The invention provides a kind of screening technique of incident data and device, wherein method mainly includes:Build denoising summary table, combination vocabulary and reverse vocabulary;According to denoising summary table, combination one or more of vocabulary and reverse vocabulary, the accident related data collecting is screened.The present invention passes through natural language analysis, is that the structure of accident key word vocabulary provides foundation.For ensureing the accuracy rate of data, the present invention realizes the screening of incident data using many vocabularys.Around the comprehensive of data and accuracy, the present invention also applies precision ratio and recall ratio to carry out quantitative evaluation to each vocabulary performance, is that the renewal of vocabulary provides foundation.

Description

A kind of screening technique of incident data and device
Technical field
The present invention relates to the screening technique of computer technology application field, more particularly, to incident data and device.
Background technology
Currently, the whole world enters the accident high-incidence season, and all kinds of accidents frequently occur, and the life giving people and property are pacified Entirely cause grave danger.In the face of accident, fast and effectively Emergency decision, play vital work to reducing loss With.And historical incident experiences and lessons have important reference value to the formulation of Emergency decision, for this reason, it is necessary to prominent The data of the event of sending out is collected and studies.Additionally, historical incident research and analyse the prevention to accident, prediction Have great importance.
However, continuing to bring out with the Web information issuance mode such as microblogging, social networkies, the species of data and scale are just It is constantly increasing at an unprecedented rate and accumulates, the collection of accident related data is faced with stern challenge.Currently During incident data is collected, how carry out the screening of incident data using single key word, its accuracy is past Toward barely satisfactory, contain substantial amounts of uncorrelated data in result data so that the workload ratio of manual intervention is larger, also give simultaneously Researching and analysing of incident data brings very big inconvenience.
Content of the invention
In view of above-mentioned analysis, the present invention is intended to provide a kind of screening technique of incident data and device, by many Vocabulary is applied, and solves the problems, such as incident data screening in existing network data acquisition.

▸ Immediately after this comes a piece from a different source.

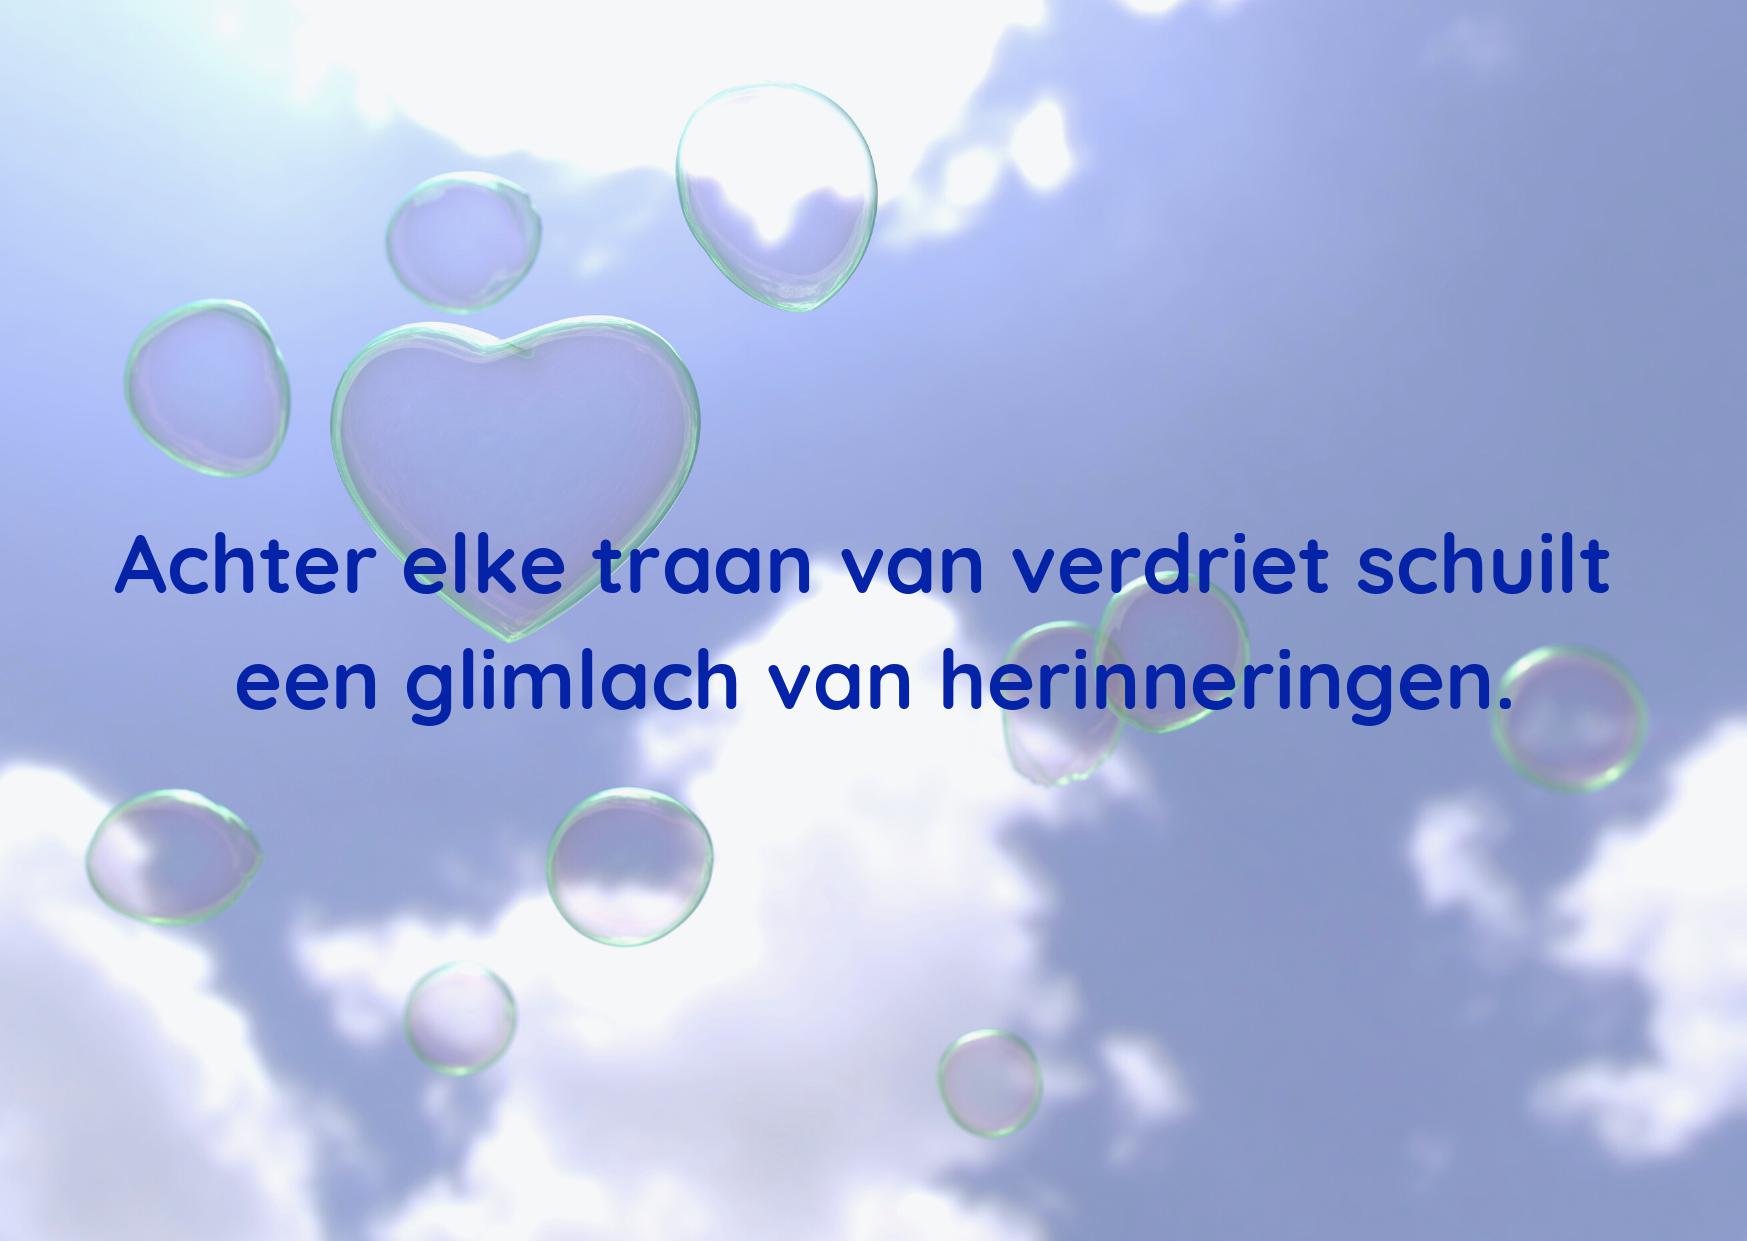 Troostkaart - Wenskaart - glimlach van herinneringen - traan van verdriet - RememberMe webshop - rouw - troost - verlies - steun

The purpose of the present invention is mainly achieved through the following technical solutions:
The invention provides a kind of screening technique of incident data, including:
Build denoising summary table, combination vocabulary and reverse vocabulary;
According to one or more of described denoising summary table, described combination vocabulary and described reverse vocabulary, to collecting Accident related data screened.
Further, the process building denoising summary table, combination vocabulary and reverse vocabulary specifically includes:
Using natural language analysis technology, pretreatment is carried out to data, analyzed by quasi- denoising word, realize basic denoising total Table and the structure of denoising summary table;
Based on described denoising summary table, using natural language analysis technology, pretreatment is carried out to data, by the noun obtaining and Verb and described denoising summary table carry out Co-occurrence Analysis, select to realize the structure of combination vocabulary by portmanteau word;
Based on described combination vocabulary, using natural language analysis technology, pretreatment is carried out to data, analyzed by reverse word Realize the structure of reverse vocabulary.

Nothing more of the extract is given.